Vier Herausforderungen

Die Hoffnung der Experten richtet sich daher auf die Healthcare-IT als Werkzeug, die Ineffizienz zu verringern und relevante Informationen zum richtigen Zeitpunkt verfügbar zu machen. Vier große Herausforderungen müssen dabei bewältigt werden: das riesige Volumen, die Geschwindigkeit bei der Echtzeitverarbeitung (Verfügbarkeit), die Unstrukturiertheit und Vielfalt der Daten sowie die Unsicherheit aufgrund von Mehrdeutigkeit und Inkonsistenzen (Verlässlichkeit).

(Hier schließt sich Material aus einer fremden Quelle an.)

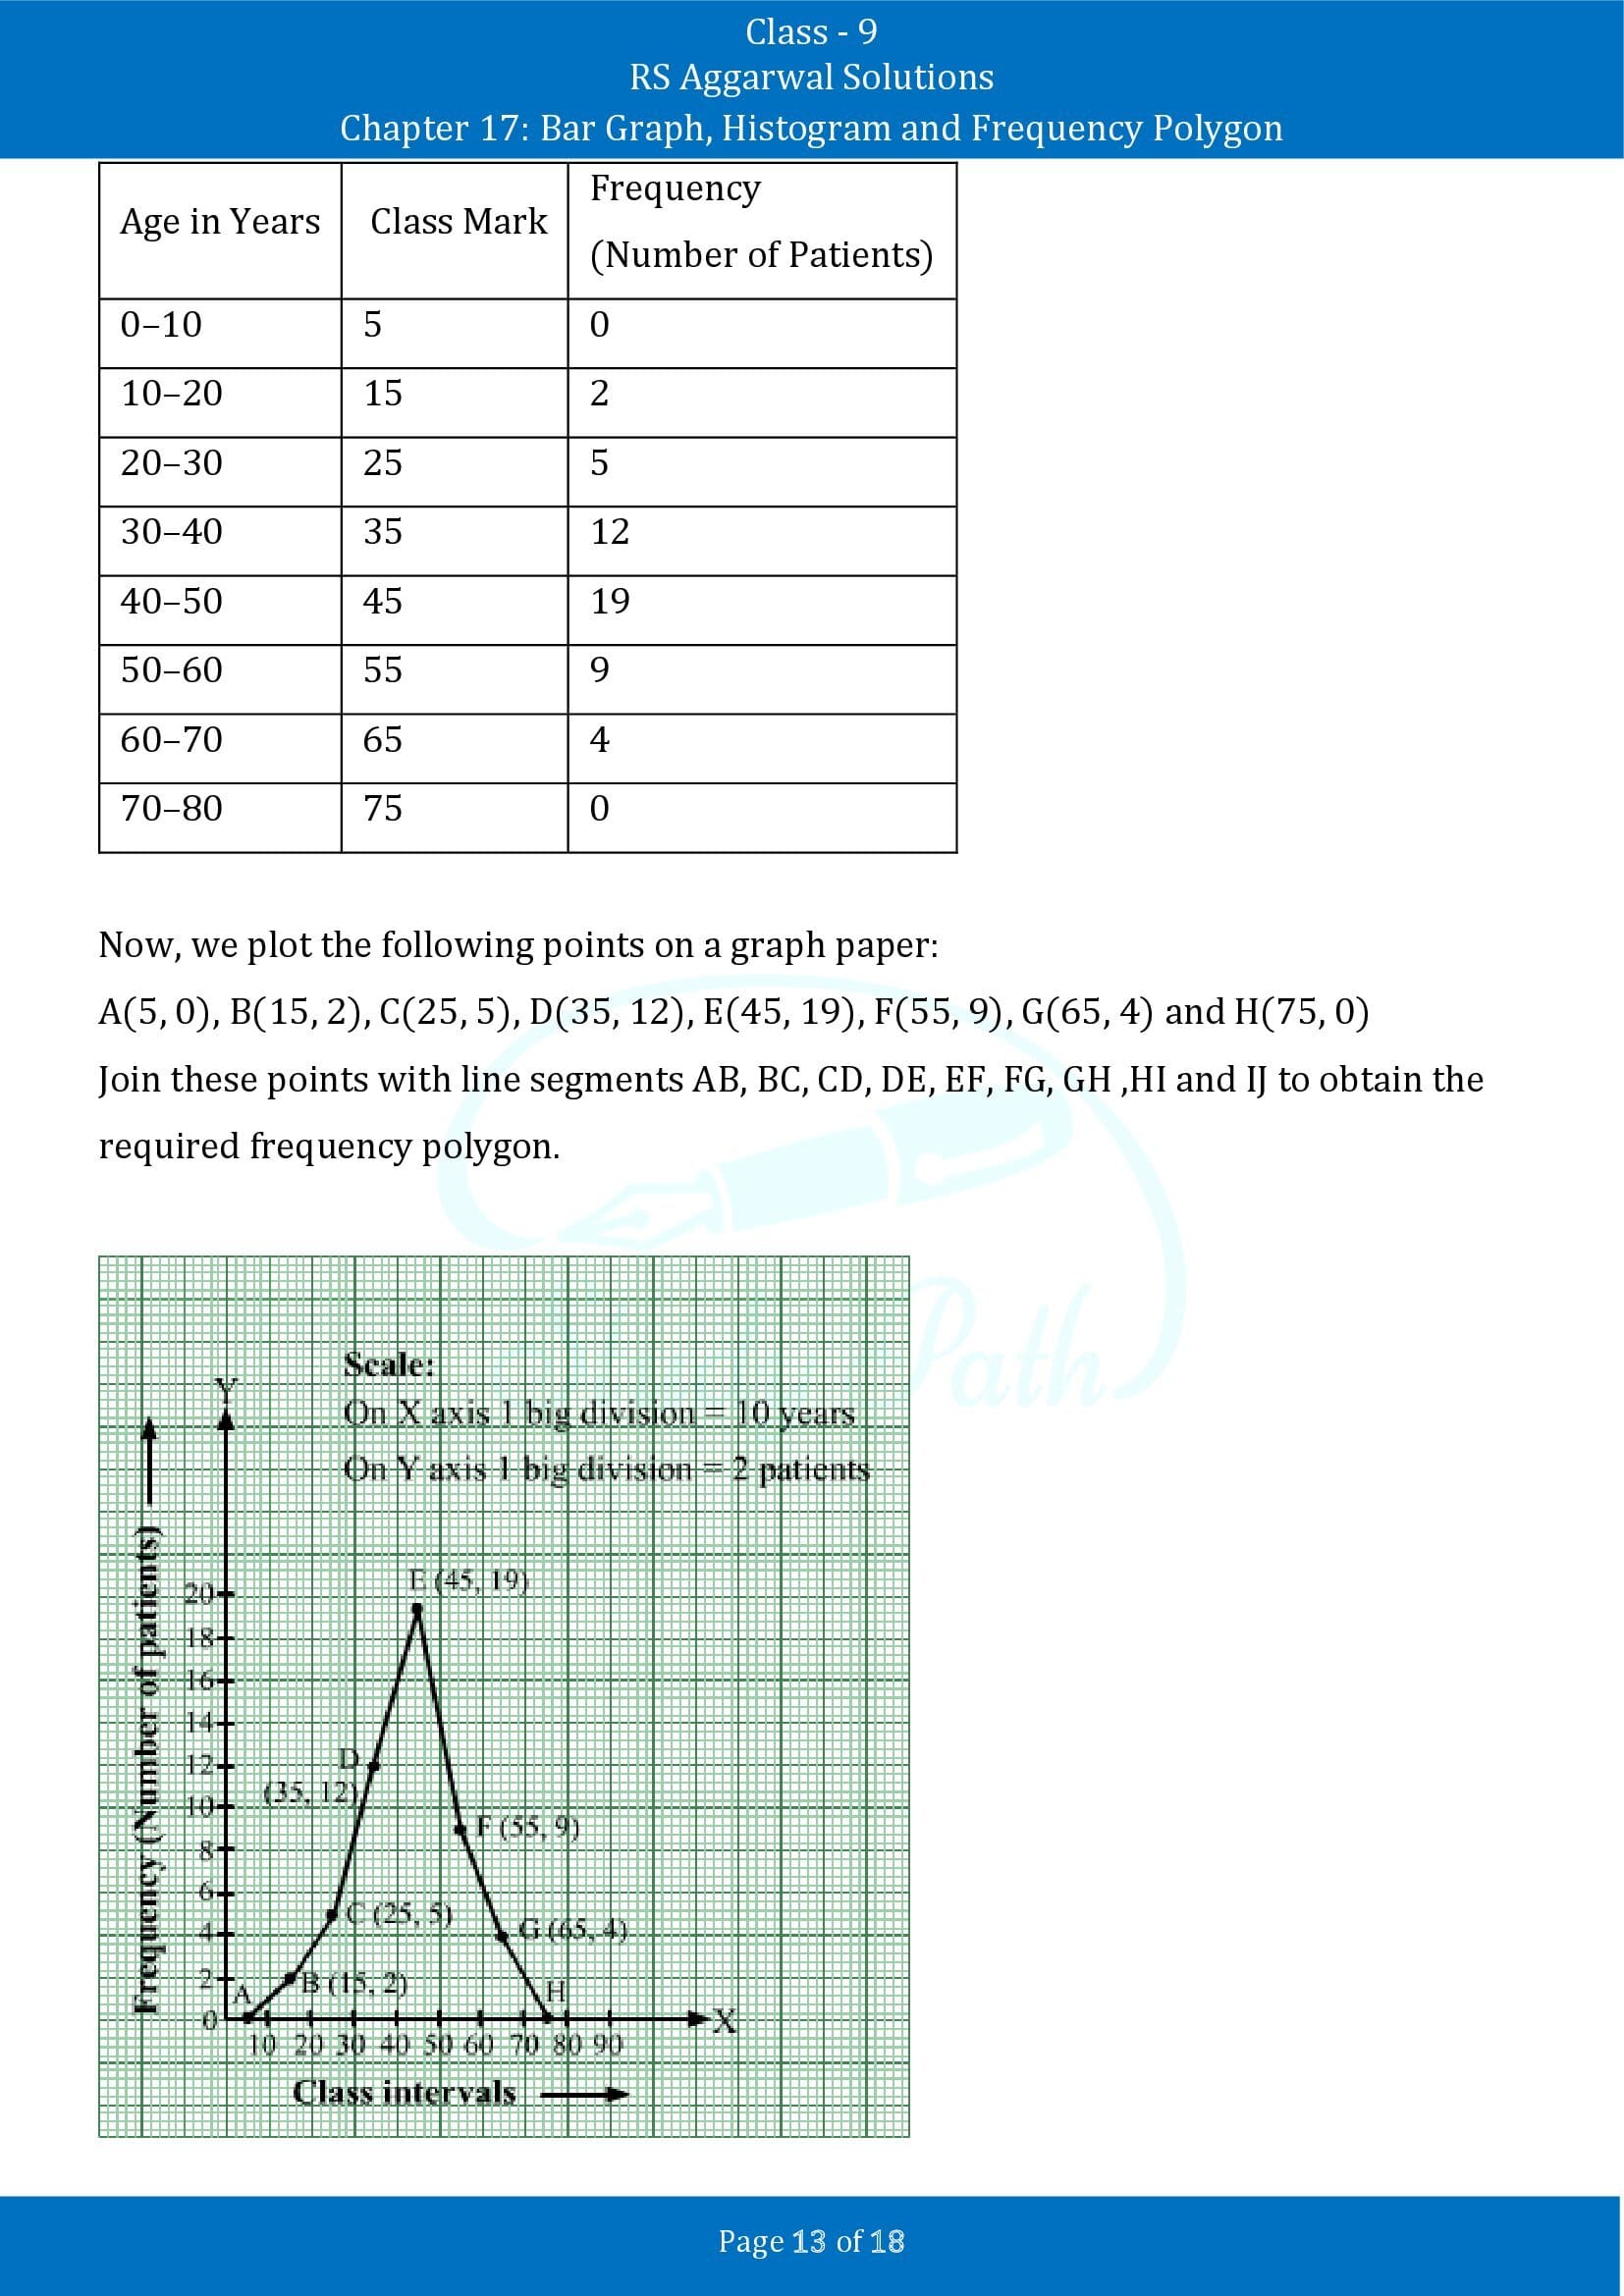 RS Aggarwal Solutions Class 9 Chapter 17 Bar Graph Histogram and Frequency Polygon Exercise 17B 00013

Beispiel Medizin: Der Arzt muss verschiedene Informationen integrieren und analysieren und leitet daraus Indikation und Therapie ab. Die Frage sei: Wie kann man ihn dabei unterstützen? Eine Antwort darauf gibt IBM mit dem 2006 gestarteten Forschungsprojekt „Watson“, in dem es um die Möglichkeit geht, kognitive Entscheidungssysteme aufzubauen, die den Menschen in seiner Entscheidungsfindung unterstützen können. Ein wichtiger Anwendungsbereich ist dabei die Medizin. Die Vorteile eines lernenden, evidenzbasierten Systems: Watson beantwortet nicht nur Fragen, sondern gibt gleichzeitig anhand von Studien, Datenquellen etc. eine Wahrscheinlichkeit an, wie sicher das Ergebnis zutrifft („Confidence“). Darüber hinaus ist die Verarbeitungsgeschwindigkeit der medizinischen Information extrem hoch, und im Unterschied zum Menschen vergisst das System nichts.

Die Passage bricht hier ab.